There is a line from a newspaperman near the end of the classic Western film “The Man Who Shot Liberty Valance” about Jimmy Stewart’s character, Sen. Ransom Stoddard, that can surely be applied to Billy the Kid: “When the legend becomes fact, print the legend.” And in the modern world, we might also say, "Film the legend." It’s very hard to know today how much of the legend can be believed, not excluding the tale of his death as related above. It is based on Pat Garrett’s disputed account of the event.

In addition to all that has been written about Billy the Kid, there have been some 60 films that have either been about him or included him as one of the main characters, possibly more than any figure in American history. Aaron Copland even wrote a ballet about him in 1938. Actors who have portrayed Billy the Kid have included Roy Rogers, Paul Newman, Kris Kristofferson, Val Kilmer, Emilio Estevez, and many others.

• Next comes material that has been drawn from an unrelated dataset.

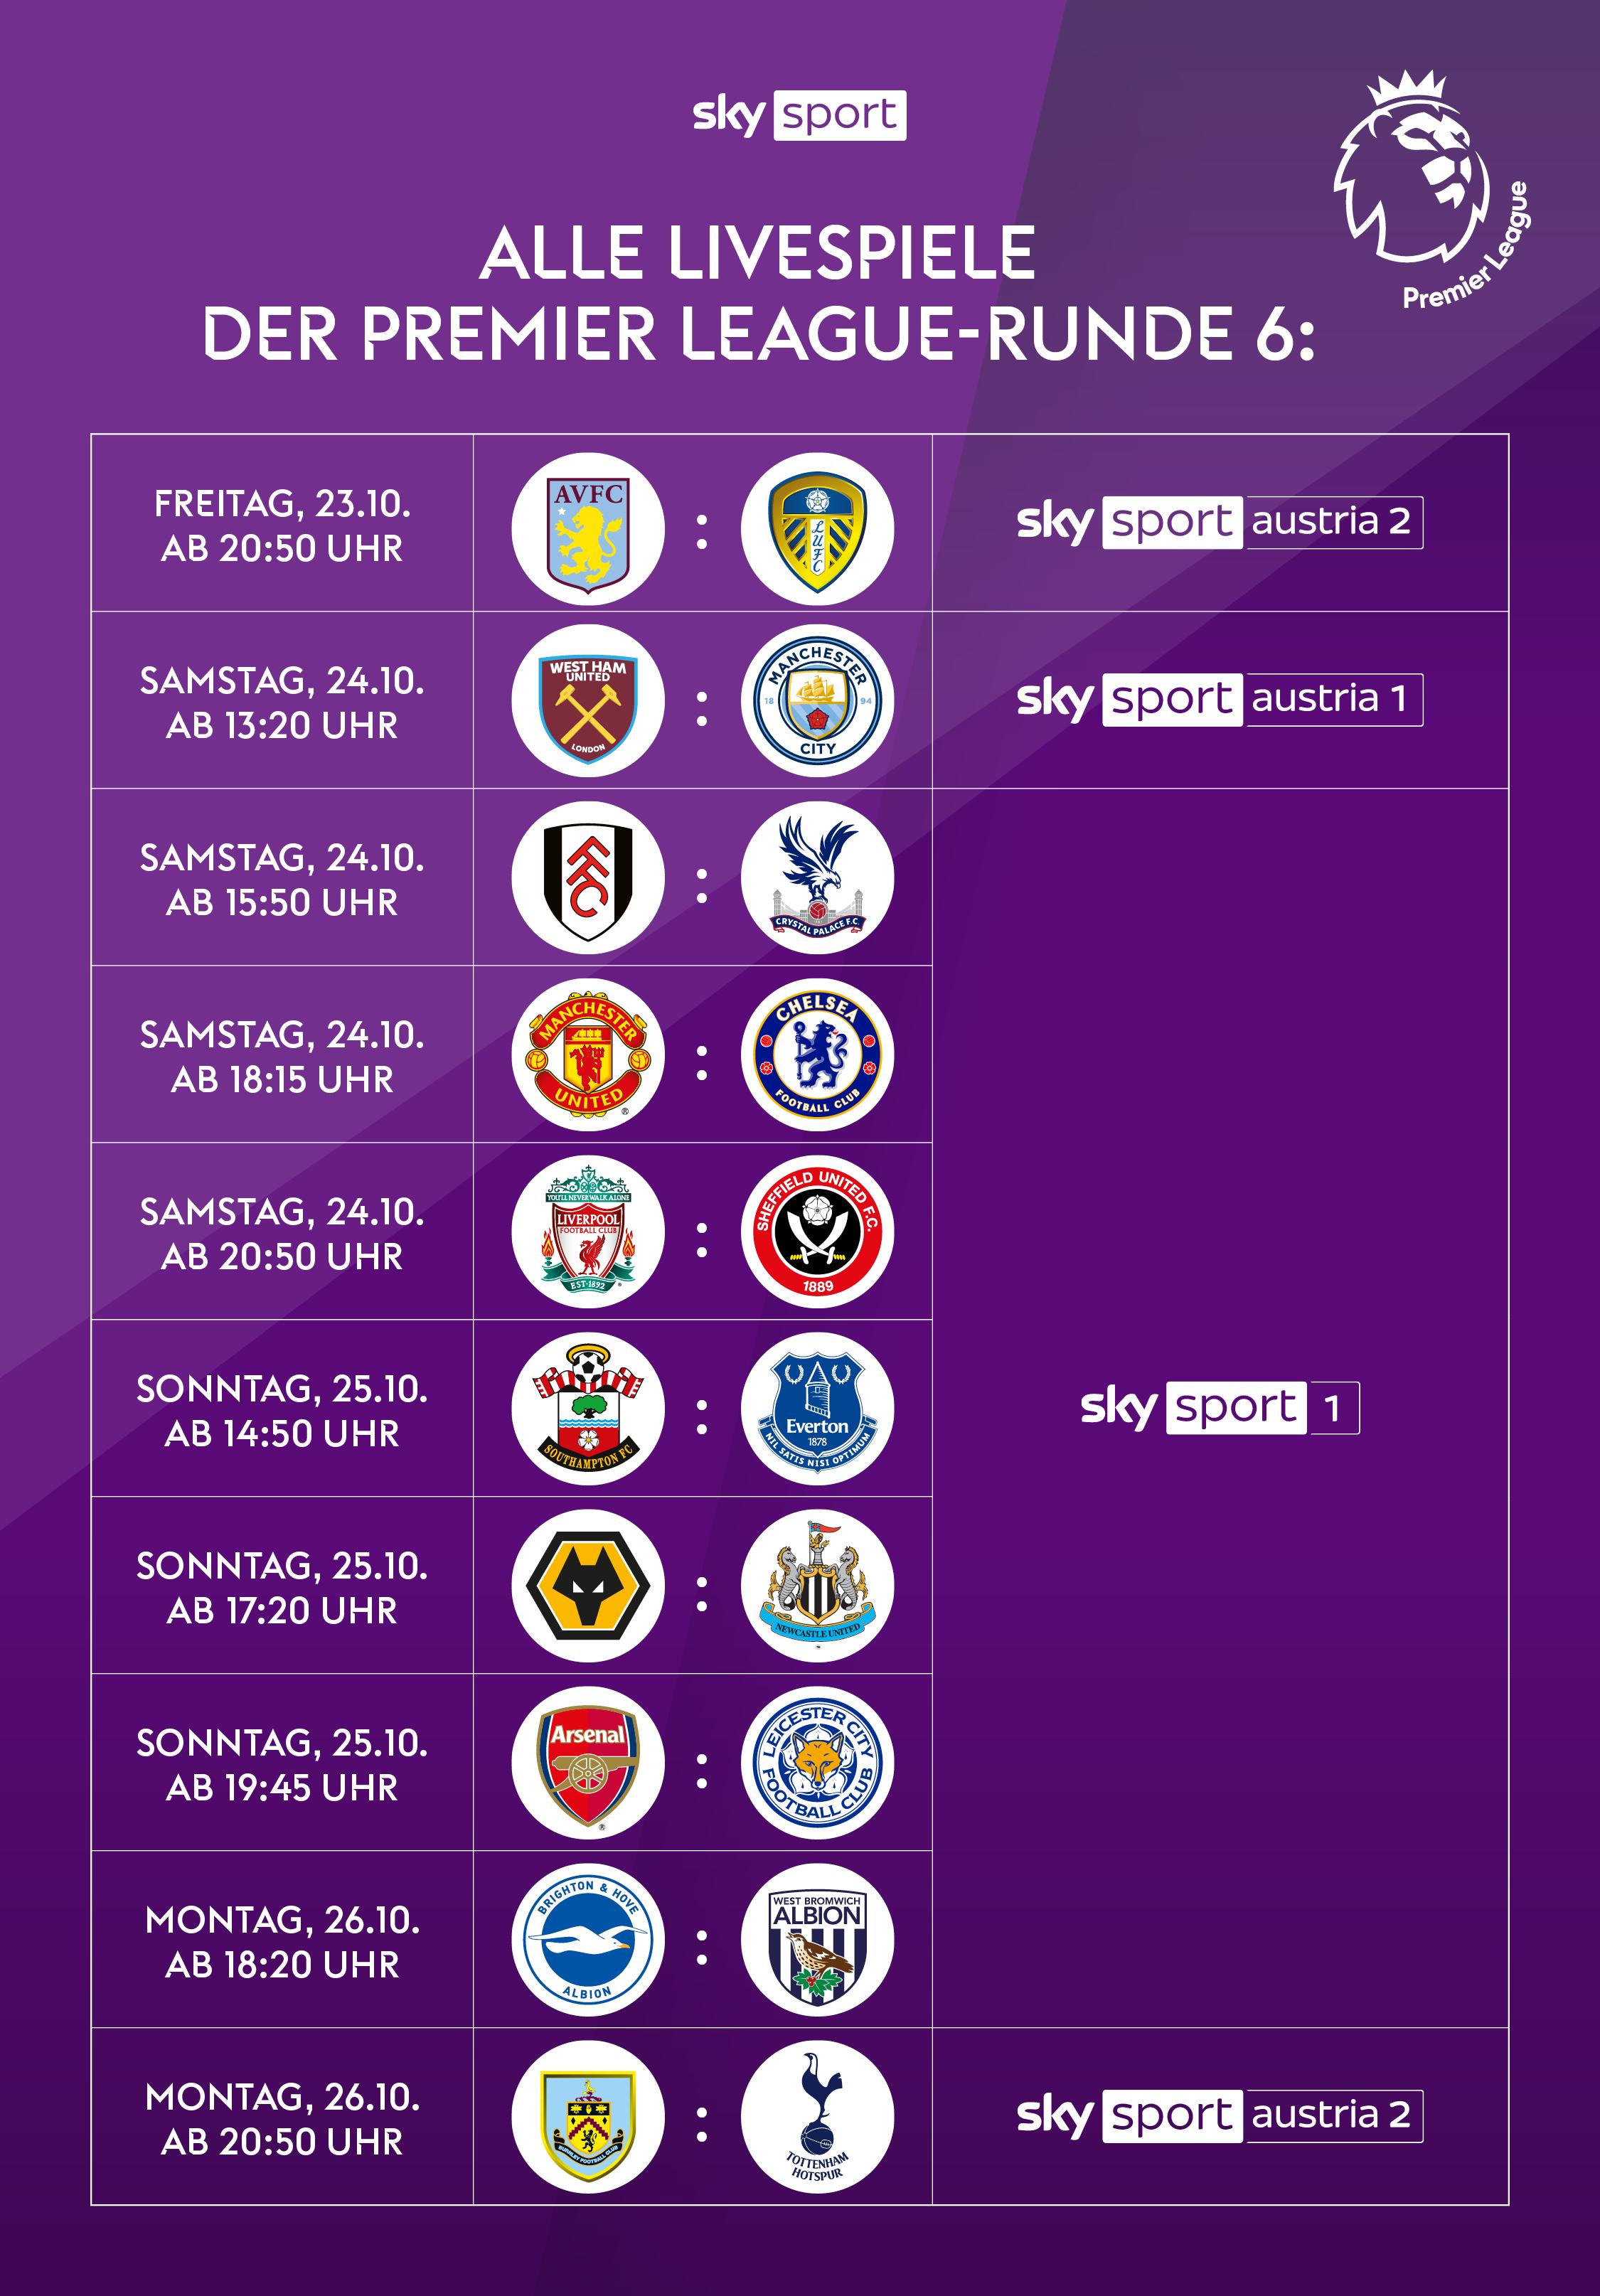 Die Premier League live streamen mit Sky X

Few of the films about him have made much of his Irish roots or those of many of the other main figures in the “Lincoln County Wars” that figure so prominently in the "Billy the Kid" legend. “The Kid” was a 1st generation Irish-American and his legend is similar in many ways to various highwaymen of Irish history that are known as “rapparees.”

Some of the most famous of the rapparees were Michael "Galloping" Hogan, Redmond O'Hanlon, Willy Brennan (from the famous Irish trad song, “Brennan on the Moor”), and Patrick Fleming, said to be the inspiration for the song “Whiskey in the Jar.”

These rapparees were often portrayed as dashing, joking, romantic heroes of the downtrodden masses, as would be indicated by the songs about some of them. The retelling of the "Billy the Kid" legend has much in common with that. Many of his biographers have said he was known for singing, whistling and being someone people enjoyed being around. And his Irish roots were deeper than the cinematic history has depicted. Whether most of those Irish rapparees deserved their romantic legends is up for debate, and that is certainly true of Billy the Kid as well.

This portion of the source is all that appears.